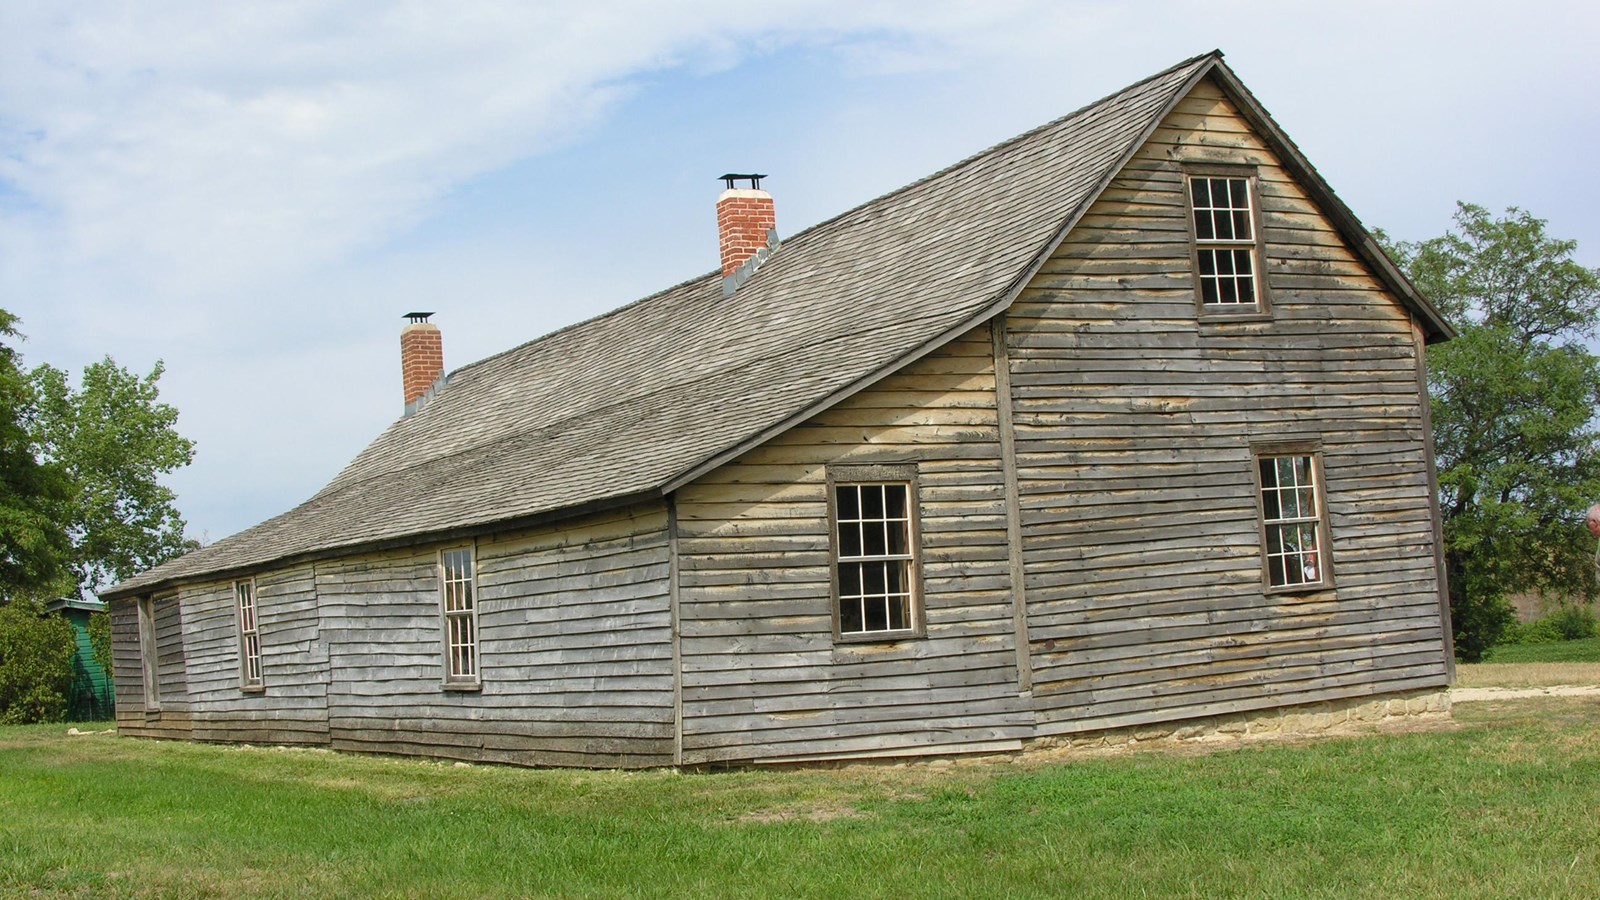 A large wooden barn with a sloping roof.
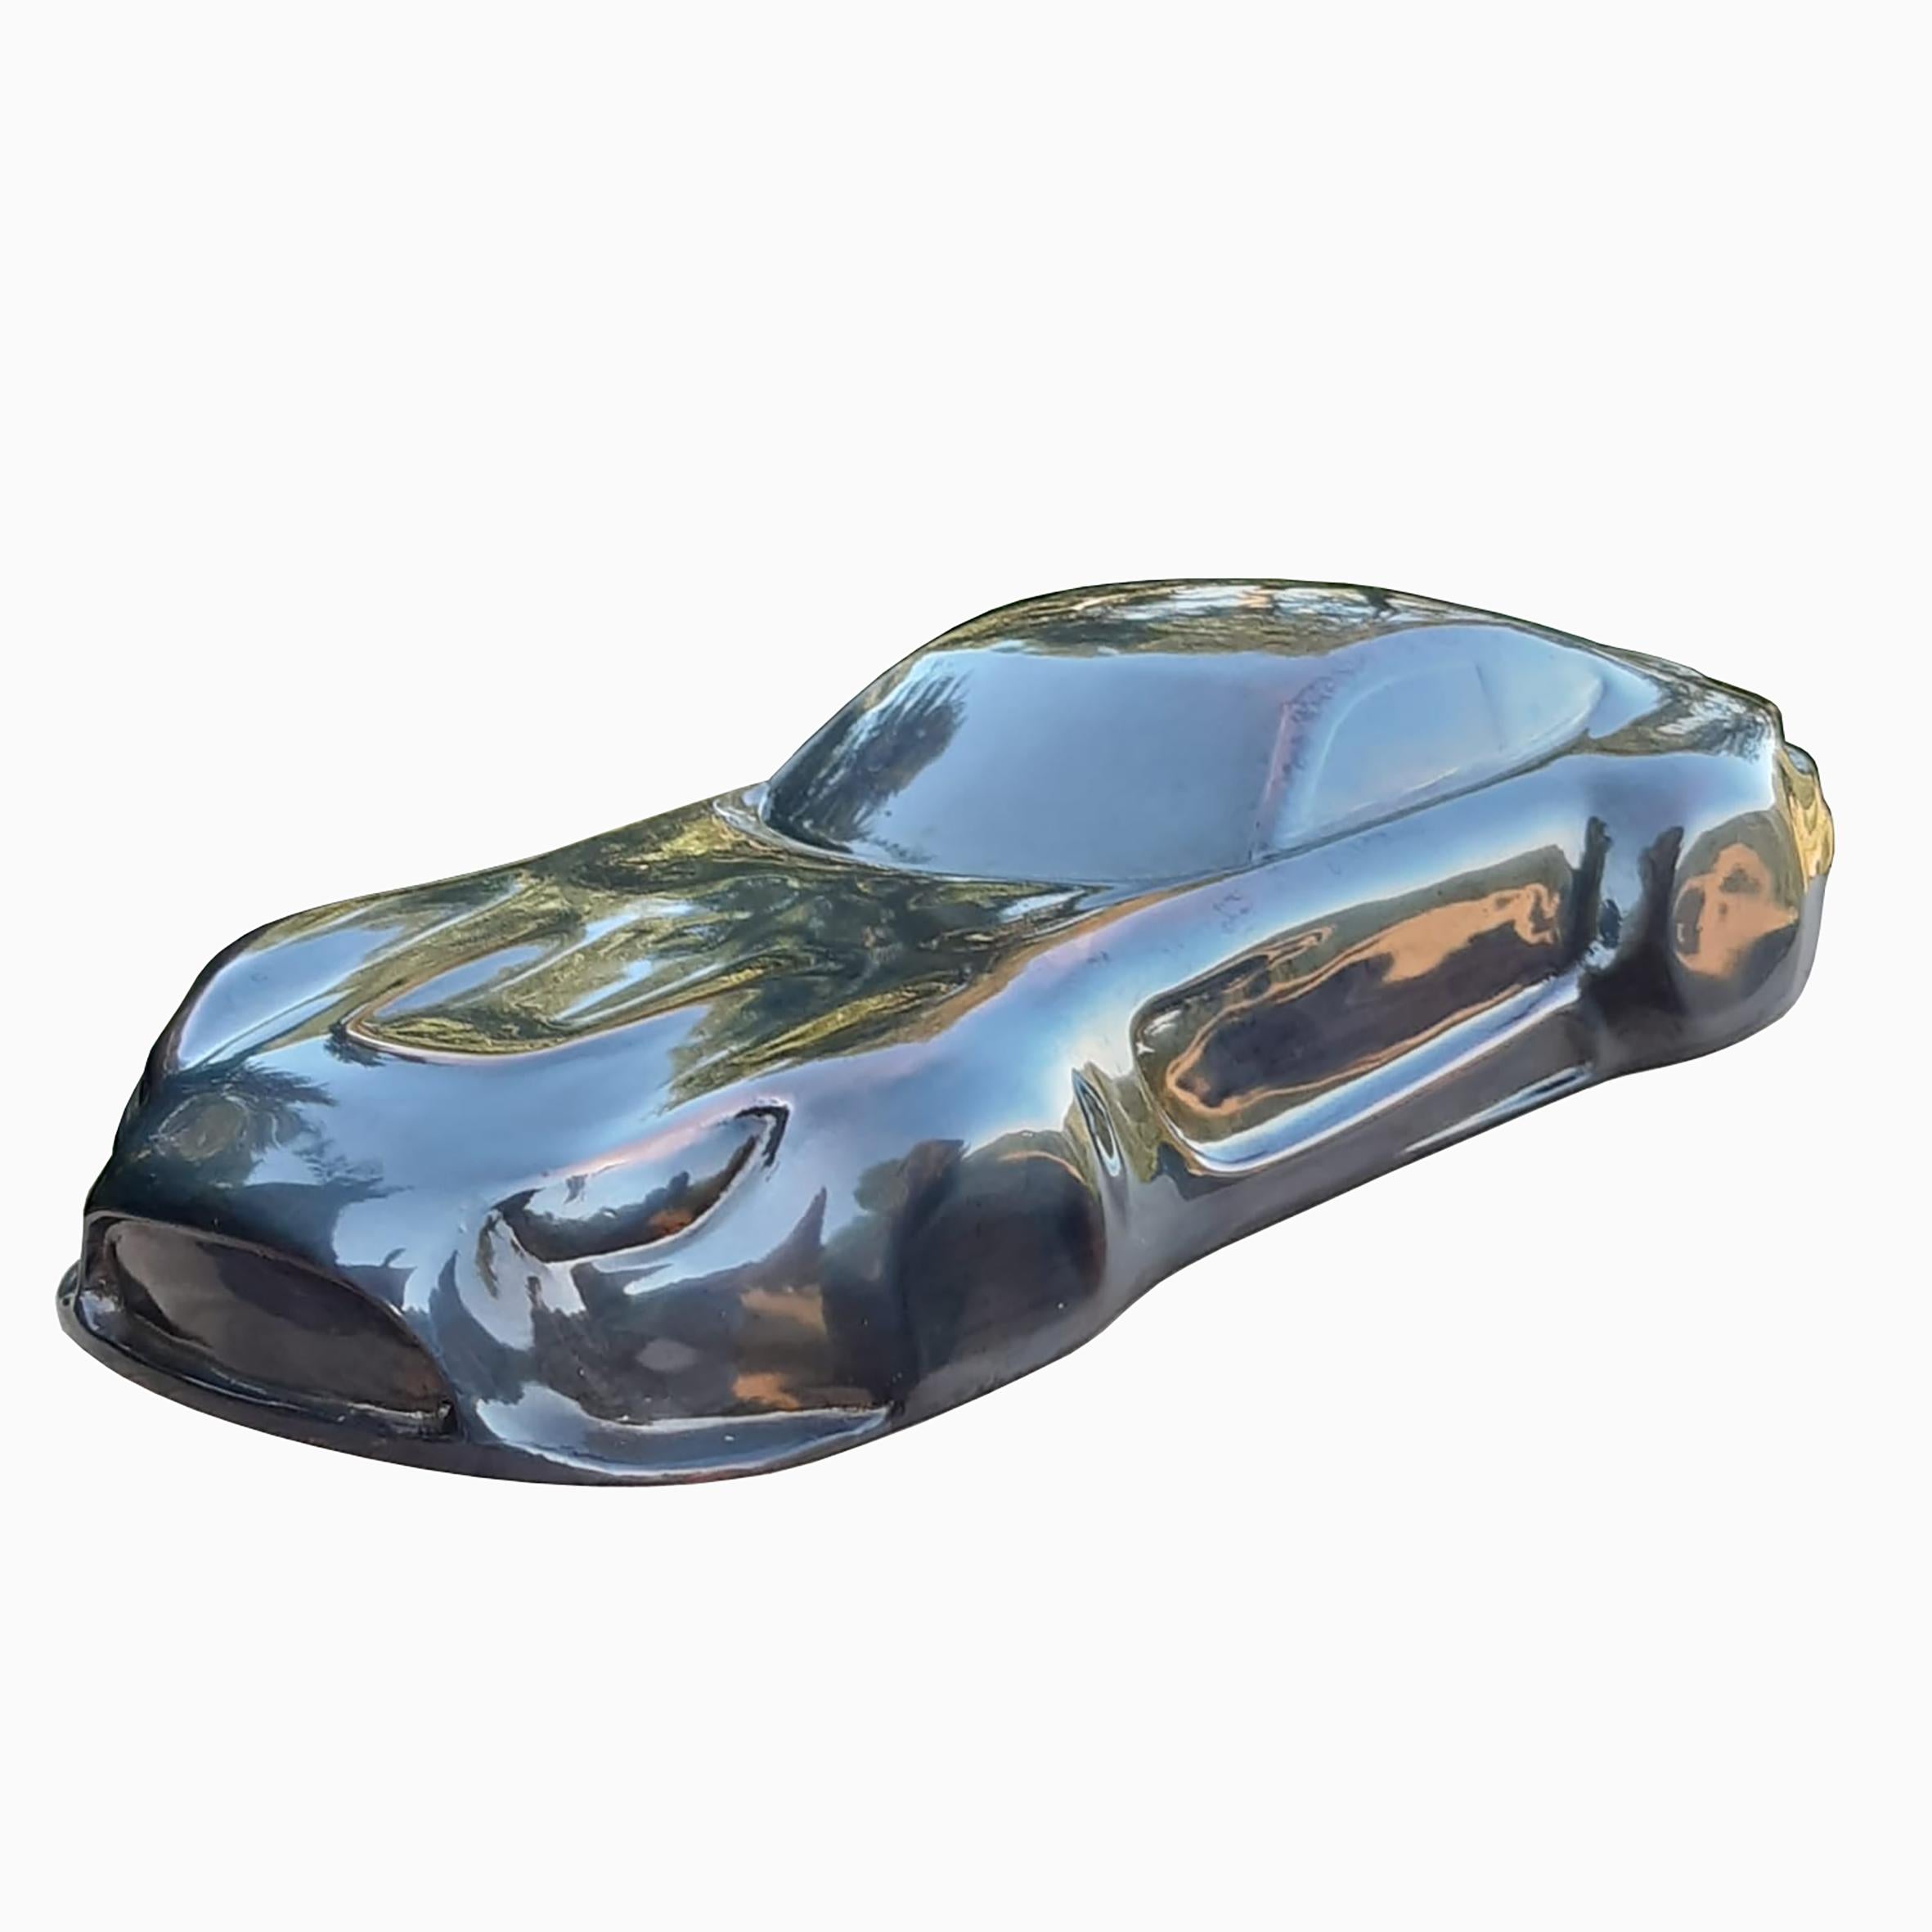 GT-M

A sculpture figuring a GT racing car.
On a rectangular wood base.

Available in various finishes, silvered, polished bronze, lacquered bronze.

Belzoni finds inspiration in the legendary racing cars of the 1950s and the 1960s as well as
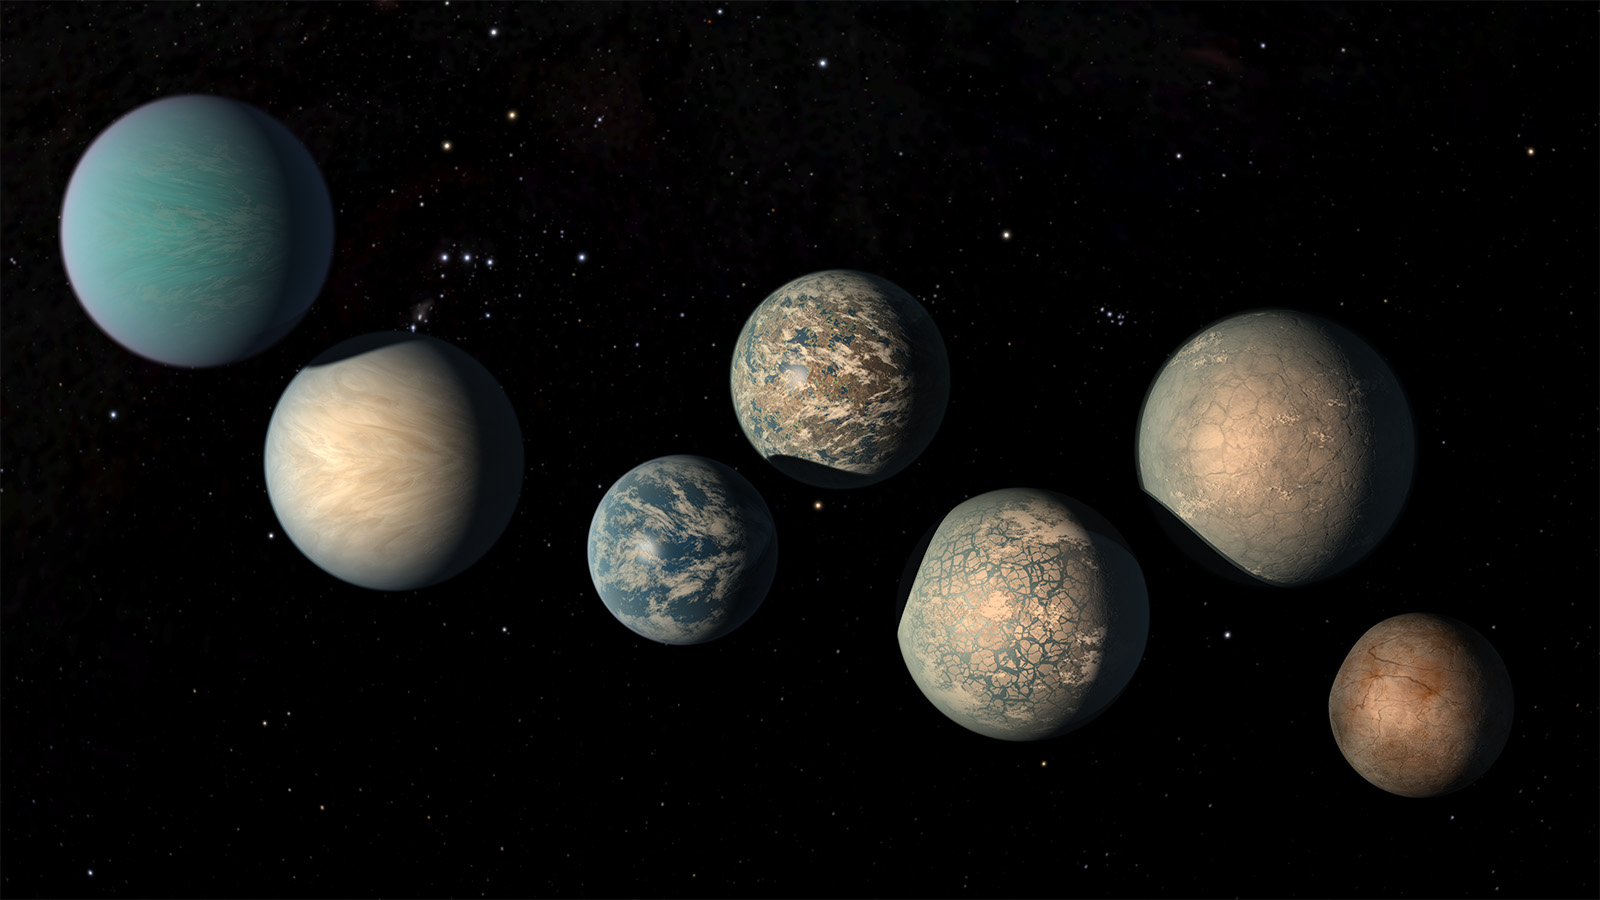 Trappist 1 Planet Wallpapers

....................

PROBLEM TO SOLVE: What you return must be every entry, word for word, without any pictures.

RESULT FOR THIS EXERCISE:
 A large wooden barn with a sloping roof.
 GT-M

A sculpture figuring a GT racing car.
On a rectangular wood base.

Available in various finishes, silvered, polished bronze, lacquered bronze.

Belzoni finds inspiration in the legendary racing cars of the 1950s and the 1960s as well as
 Trappist 1 Planet Wallpapers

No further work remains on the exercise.